Re: Question regarding ptrace work for LInux v3.1

From: Oleg Nesterov
Date: Mon Mar 21 2016 - 15:28:16 EST


On 03/21, Patrick Donnelly wrote:
>
> That seems to be the case but it will only report certain events (not
> syscalls). I have observed PTRACE_EVENT_EXIT and PTRACE_EVENT_CLONE
> events... Hmm, now that I think about this, it would be necessary to
> see the initial SIGSTOP (or PTRACE_EVENT_STOP) in order to initiate
> syscall tracing via PTRACE_SYSCALL. So that does seem to indicate the
> problem.

Yes, exactly, you need to see the initial SIGSTOP or another event which
can be reported before it.

> > To clarify, the usage of SIGSTOP in ptrace was always buggy by design.
> > For example, SIGCONT from somewhere can remove the pending (and not yet
> > reported) SIGSTOP, and this _can_ explain the problem you hit.
>
> The tree of processes being traced do no send any signals but an
> external process may have.

I am looking into

https://github.com/cooperative-computing-lab/cctools/blob/5ccb04599ba2ee125730981f53add80d98cf8161/parrot/src/pfs_main.cc

and this code

case SIGSTOP:
/* Black magic to get threads working on old Linux kernels... */

if(p->nsyscalls == 0) { /* stop before we begin running the process */
debug(D_DEBUG, "suppressing bootstrap SIGSTOP for %d",pid);
signum = 0; /* suppress delivery */
kill(p->pid,SIGCONT);
}
break;

doesn't look right.
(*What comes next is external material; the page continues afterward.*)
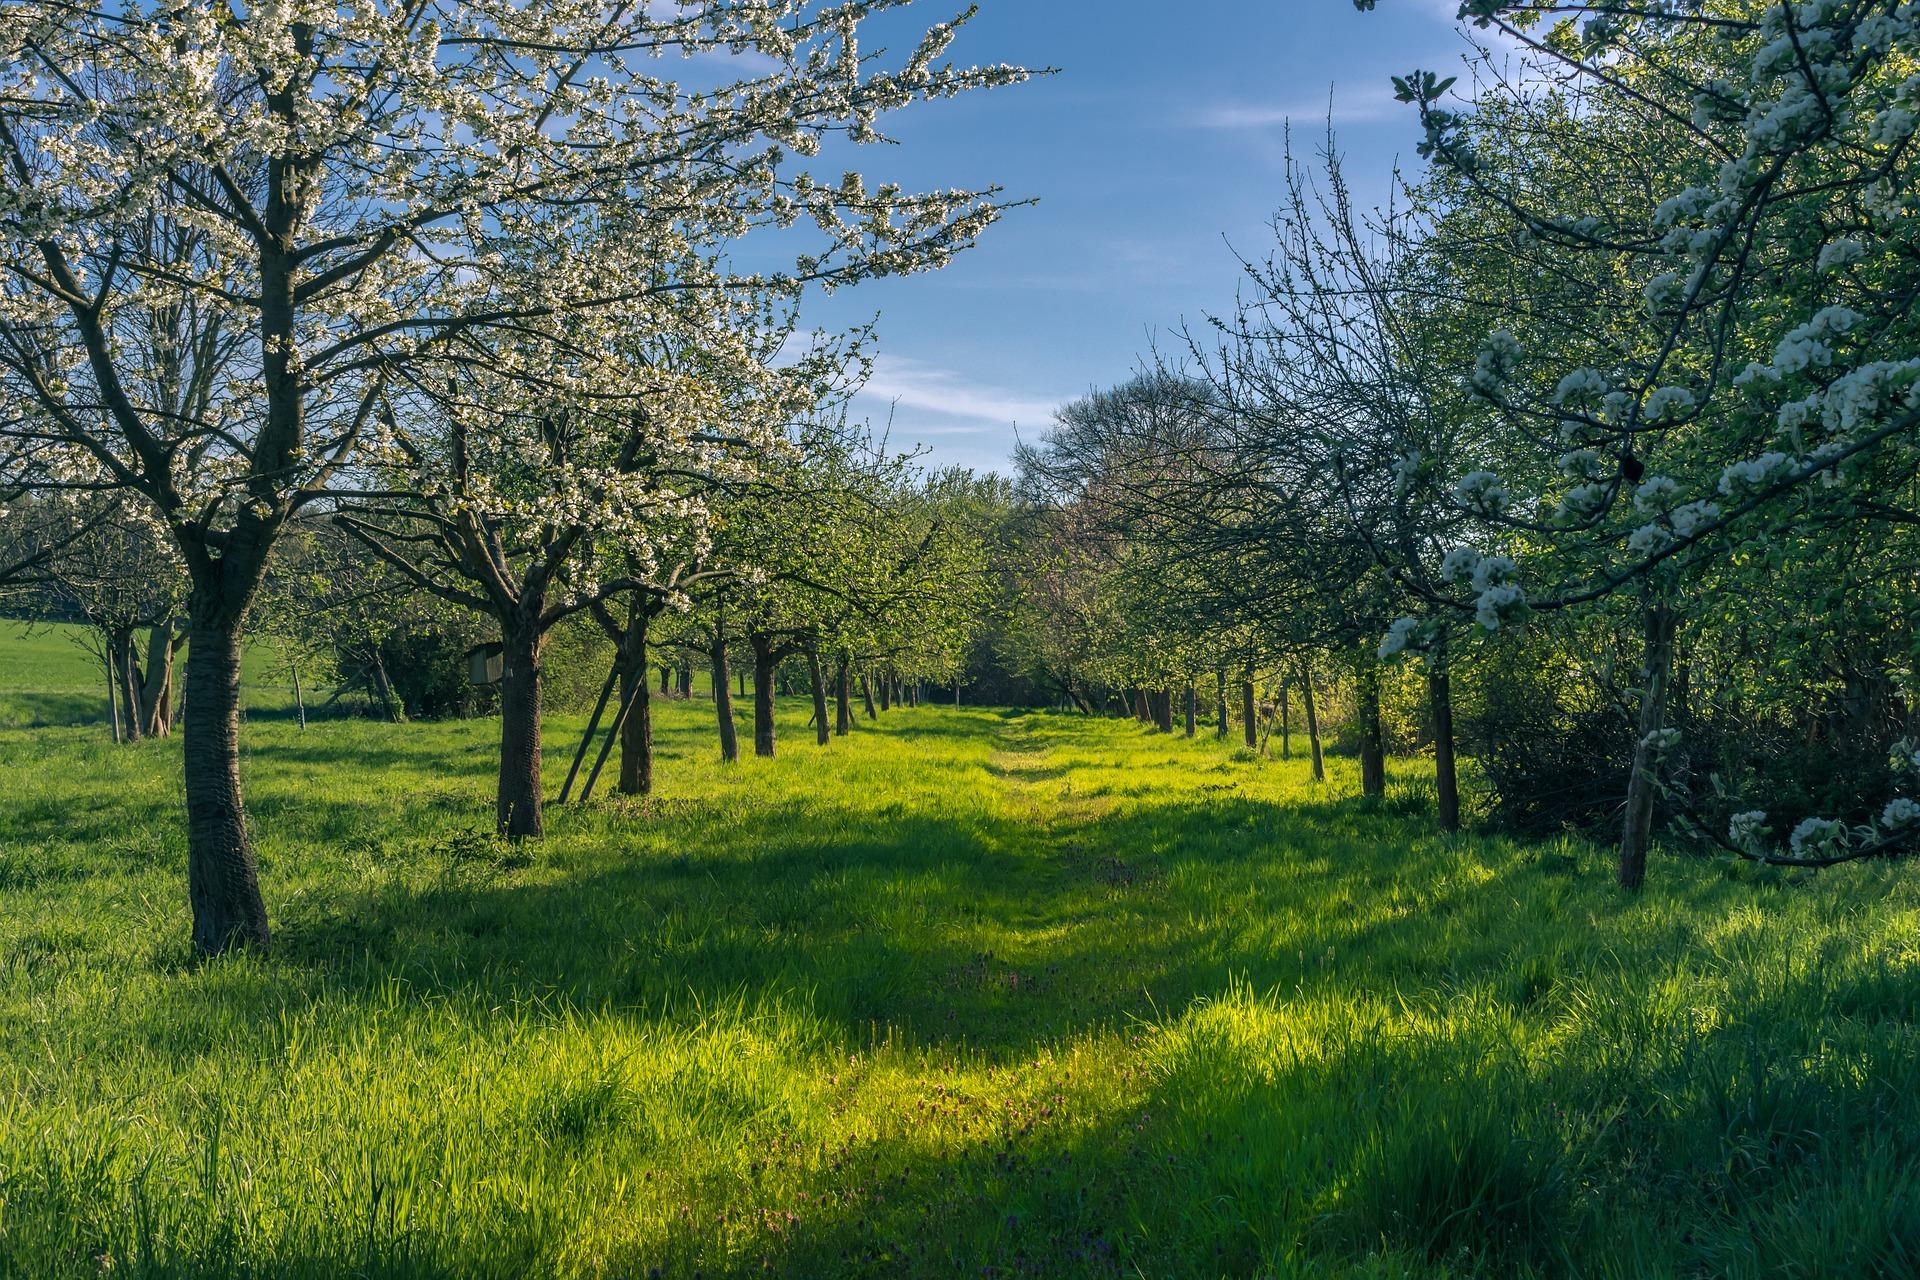 spring-4158957_1920

Note that kill(pid,SIGCONT) affects the whole thread-
group. So if this kill() races with another thread doing clone() you can
hit the problem you described.

> However, I did notice the use of futexes
> near these clones. Perhaps that may be causing this?

I don't think so,

> > But unless you use PTRACE_SEIZE the same can happen on v3.1 so it seems
> > there is something else.
>
> Okay, it might be that PTRACE_SEIZE fixes it.

Yes, but iiuc you do not see this problem on v3.1 even with PTRACE_ATTACH?

Oleg.